Bipartisan “Stand for Free Speech” to Take Place at Sheridan Circle on July 19 at 8:30 a.m.
WASHINGTON—Members of the U.S. Congress will join victims of Turkey’s May 16 attack on peaceful protesters in Washington, D.C. at a July 19th “Stand for Free Speech” at Sheridan Circle, site of the unprecedented foreign assault against U.S. protesters which hospitalized nine people, reported the Armenian National Committee of America (ANCA).
The early morning event will start at 8:30 a.m. and continue until approximately 10 a.m. Among the U.S. legislators who have agreed to take part and offer remarks are Rep. Dana Rohrabacher (R-Calif.), Chairman of the House Foreign Affairs Subcommittee on Europe, Rep. Jim McGovern (D-Mass.), who Co-Chairs the Tom Lantos Human Rights Commission and Rep. Dave Trott (R-Mich.), Co-Chair of the Congressional Armenian Caucus. Additional U.S. Legislators are expected to lend their voices to the event, which is supported by a broad range of non-governmental organizations devoted to human and civil rights.
Additional information is provided on the Facebook event page: https://www.facebook.com/events/278787265862552
This bipartisan defense of First Amendment freedom of speech and assembly was first raised by several members of the House Foreign Affairs Committee, during the panel’s May 25 mark-up of legislation condemning this attack and, later that same day, at a Europe Subcommittee hearing, led by Rep. Rohrabacher. Video from the House Foreign Affairs Committee hearing is available at:
The July 19 gathering comes a month after Washington, D.C. law enforcement issued 18 arrest warrants – including a dozen against Turkish President Recep Erdogan’s bodyguards and two Canadians of Turkish origin. Two Americans of Turkish heritage have already been arrested for assault and various related crimes. Hours after the arrest warrants were issued, the Turkish Foreign Ministry summoned U.S. Ambassador to Turkey John Bass and, according to a press statement, “emphasized that the decision, which clearly was not taken as a result of an impartial and independent investigation, is unacceptable.” President Erdogan later reacted angrily to news of these arrests, asking “What kind of a law is this? … If they [bodyguards] are not going to protect me, why would I bring them with me to America?” Erdogan vowed to fight the charges leveled against his bodyguards.
The ANCA’s Hamparian was videotaping live at the scene of the May 16 attack, which took place in front of the Turkish Ambassador’s residence where President Erdogan was scheduled to have a closed-door meeting with think tank leaders. Hamparian’s video showed pro-Erdogan forces crossing a police line and beating peaceful protesters – elderly men and several women – who were on the ground bleeding during most of the attack.

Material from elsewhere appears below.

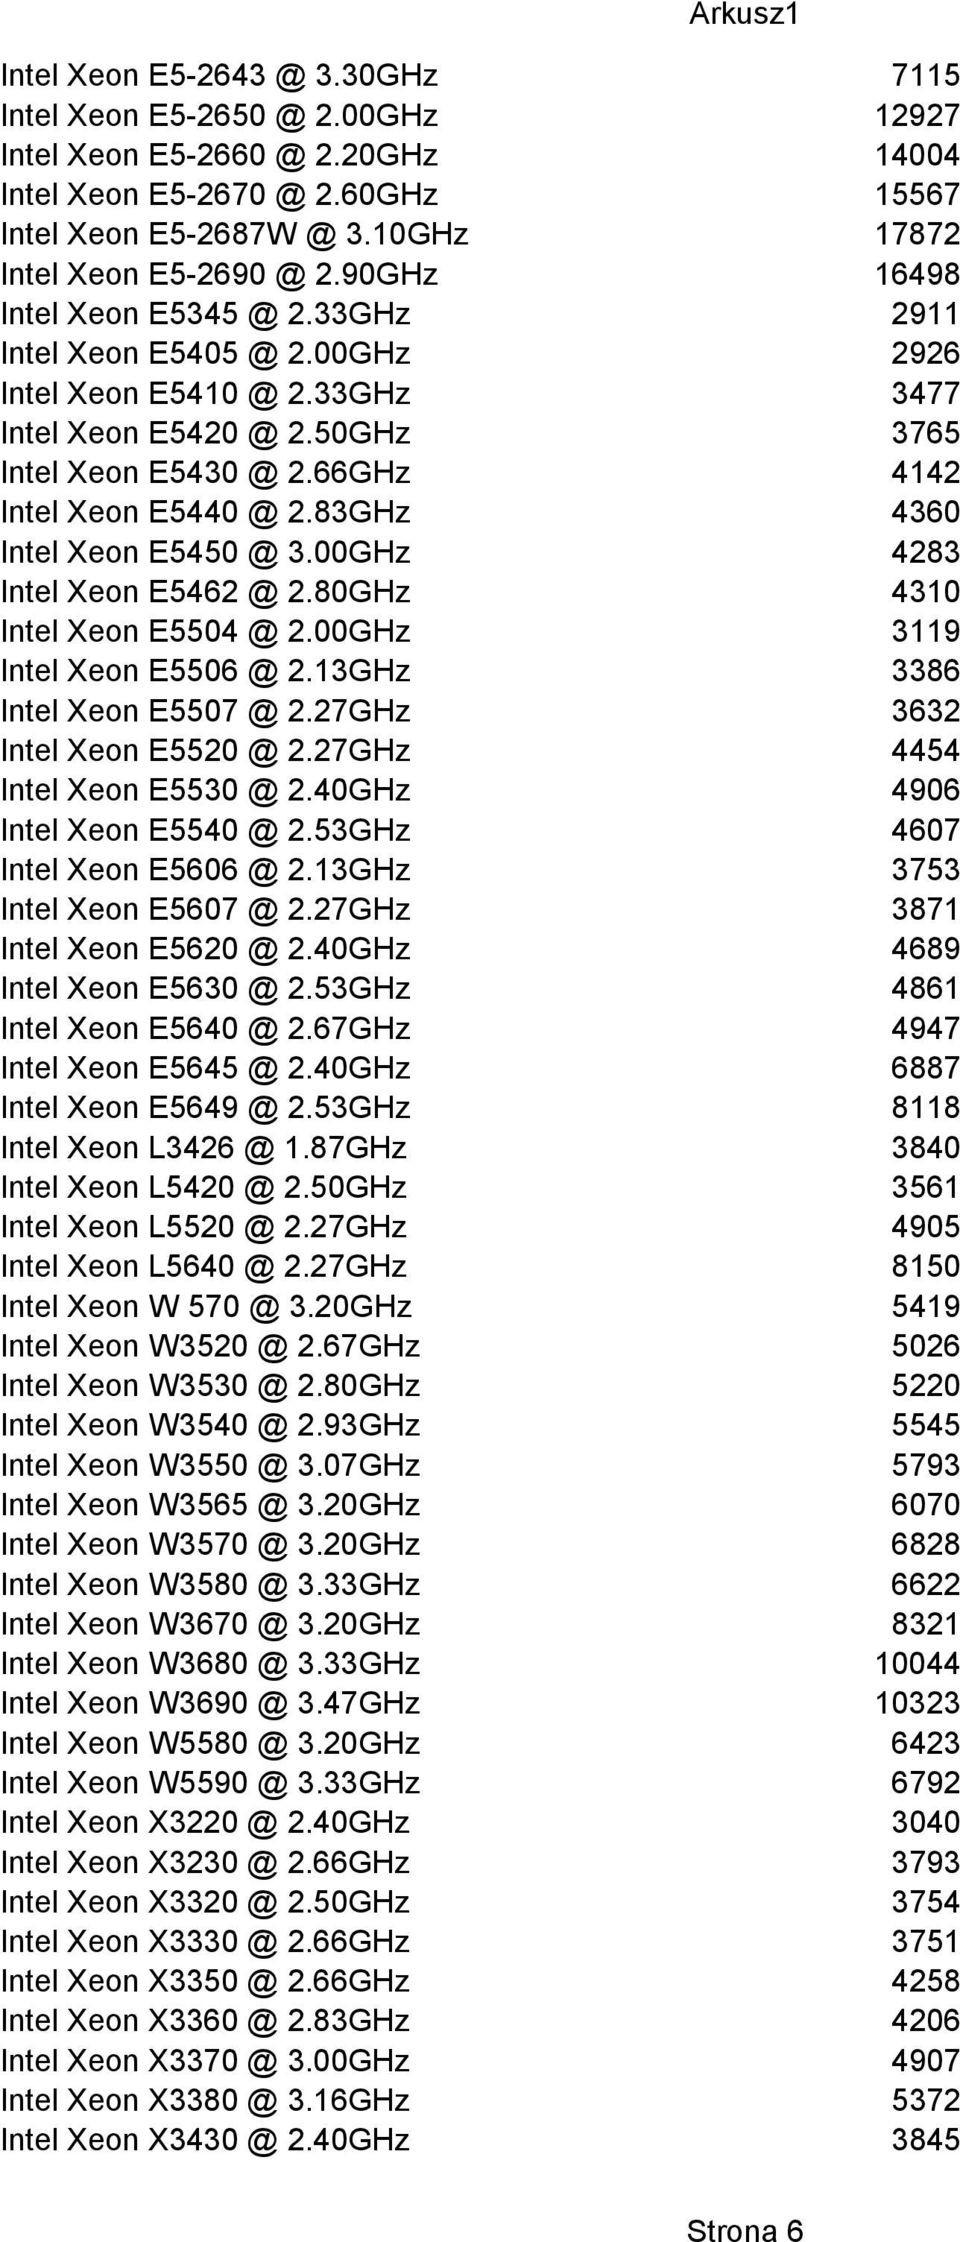 83GHz 4360 Intel Xeon E5450 @ 3.00GHz 4283 Intel Xeon E5462 @ 2.80GHz 4310 Intel Xeon E5504 @ 2.00GHz 3119 Intel Xeon E5506 @ 2.13GHz 3386 Intel Xeon E5507 @ 2.27GHz 3632 Intel Xeon E5520 @ 2.

Hamparian testified before a May 25 Foreign Affairs Subcommittee hearing on this matter. Joining him at the hearing were Ms. Lusik Usoyan, Founder and President of the Ezidi Relief Fund; Mr. Murat Yusa, a local businessman and protest organizer; and Ms. Ruth Wedgwood, Edward B. Burling Professor of International Law and Diplomacy, at Johns Hopkins University School of Advanced International Studies. Usoyan and Yusa were victims of the brutal assault on May 16th by President Erdogan’s bodyguards.
On June 6, with a vote of 397 to 0, the U.S. House of Representatives unanimously condemned Turkey in response to the attacks, taking a powerful stand against Ankara’s attempts to export its violence and intolerance to America’s shores. H.Res.354, spearheaded by House Foreign Affairs Committee Chairman Ed Royce (R-Calif.), Ranking Democrat Eliot Engel (D-N.Y.), House Majority Leader Kevin McCarthy (R-Calif.) and Democratic Whip Steny Hoyer (D-Md.), has received the public backing of House Speaker Paul Ryan (R-Wis.). The U.S. House is set to vote tomorrow on the National Defense Authorization Bill, a far-ranging measure that includes a provision, championed by Armenian Caucus Co-Chairman David Trott (R-Mich.), raising objections to a proposed U.S. sale of handguns for use by the very Erdogan security detail involved in the May 16th attack.
The vote followed broad-based Congressional outrage expressed by over 100 Senate and House members through public statements, social media, and a series of Congressional letters.
The May 16 protest in front of the Turkish Ambassador’s residence was a continuation of a demonstration held earlier in the day in front of the White House, co-hosted by the ANCA. As President Trump met with President Erdogan. human rights and religious rights groups were joined by representatives of the Kurdish, Yezidi and Armenian communities to call attention to the Erdogan regime’s escalating repression against free press, the Kurdish and other ethnic communities, as well as Turkey’s ongoing obstruction of justice for the Armenian Genocide.